§ **Exercise brief**:
What you return must match the listing below exactly, minus any pictures.

Given data Start Marker

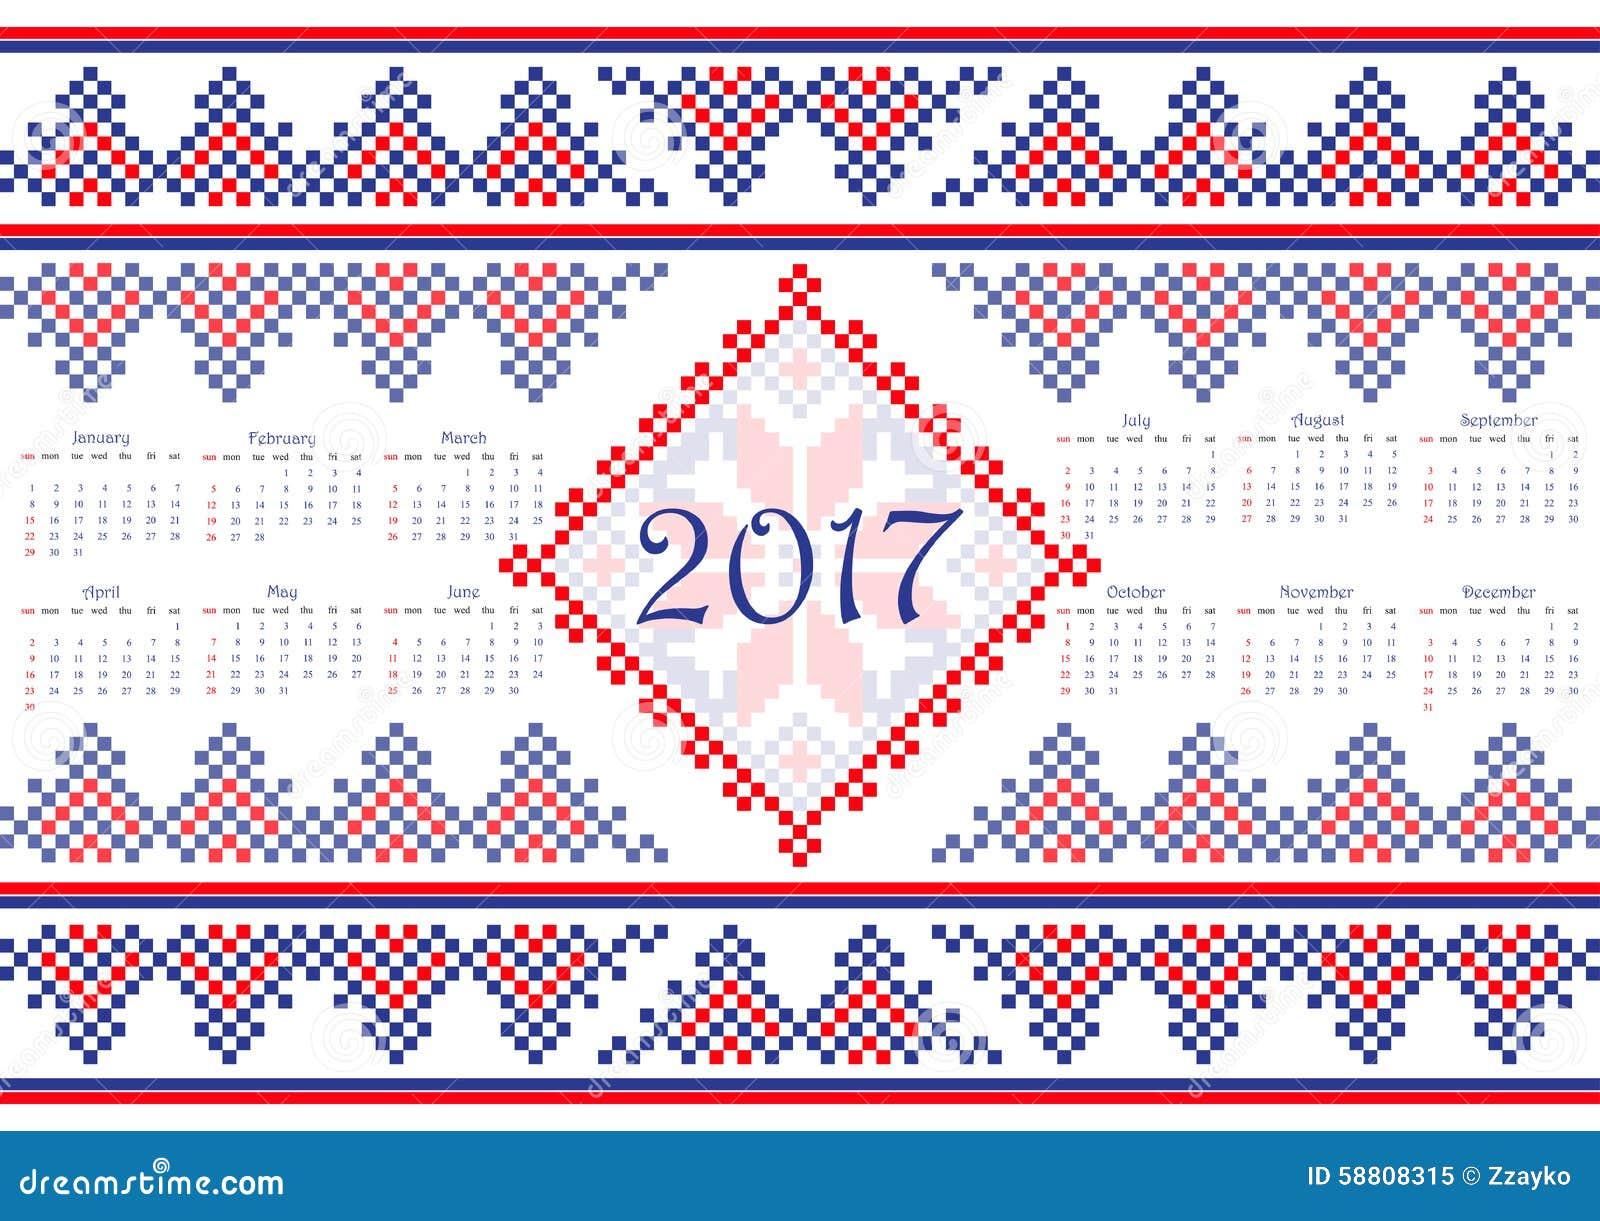 Лунные календарь самара 2016
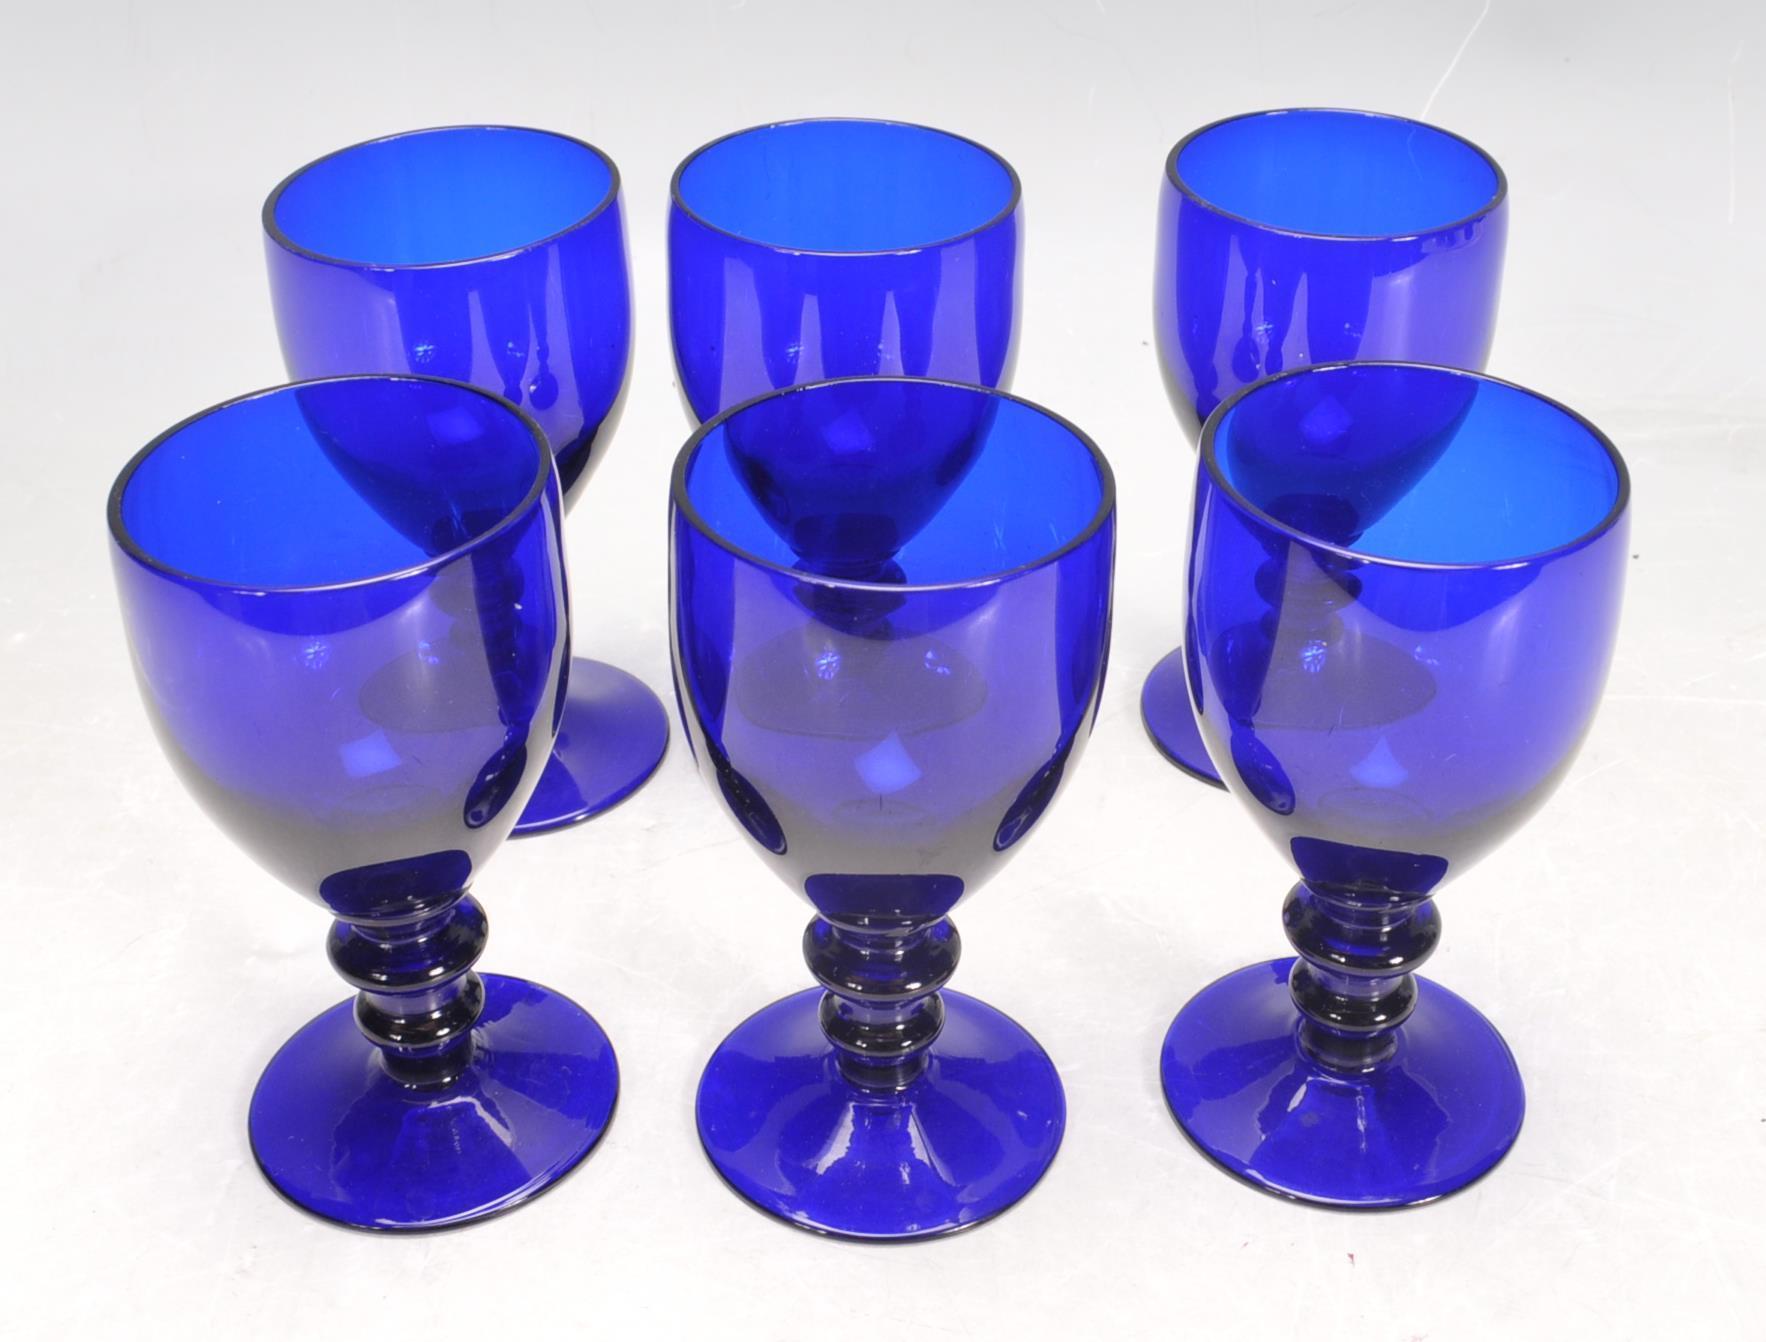 BRISTOL BLUE GLASS ORNAMENTS - Image 4 of 34
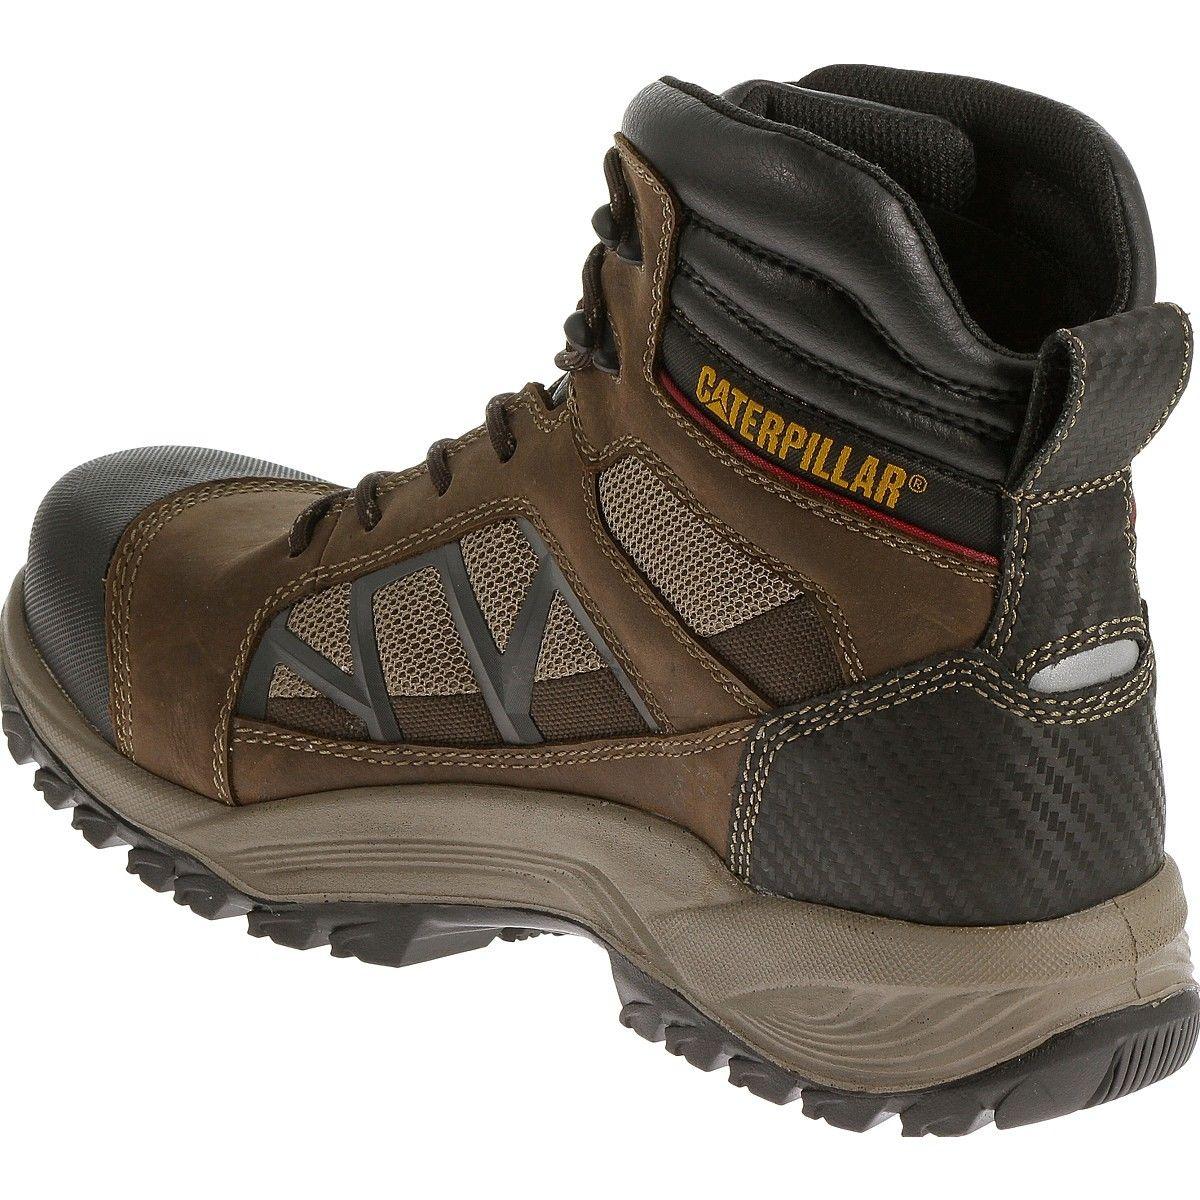 Jual Sepatu Safety Caterpillar Compressor CT WP Clay

Given data End Marker

§ **Task solution**:
 Лунные календарь самара 2016
 BRISTOL BLUE GLASS ORNAMENTS - Image 4 of 34
 Jual Sepatu Safety Caterpillar Compressor CT WP Clay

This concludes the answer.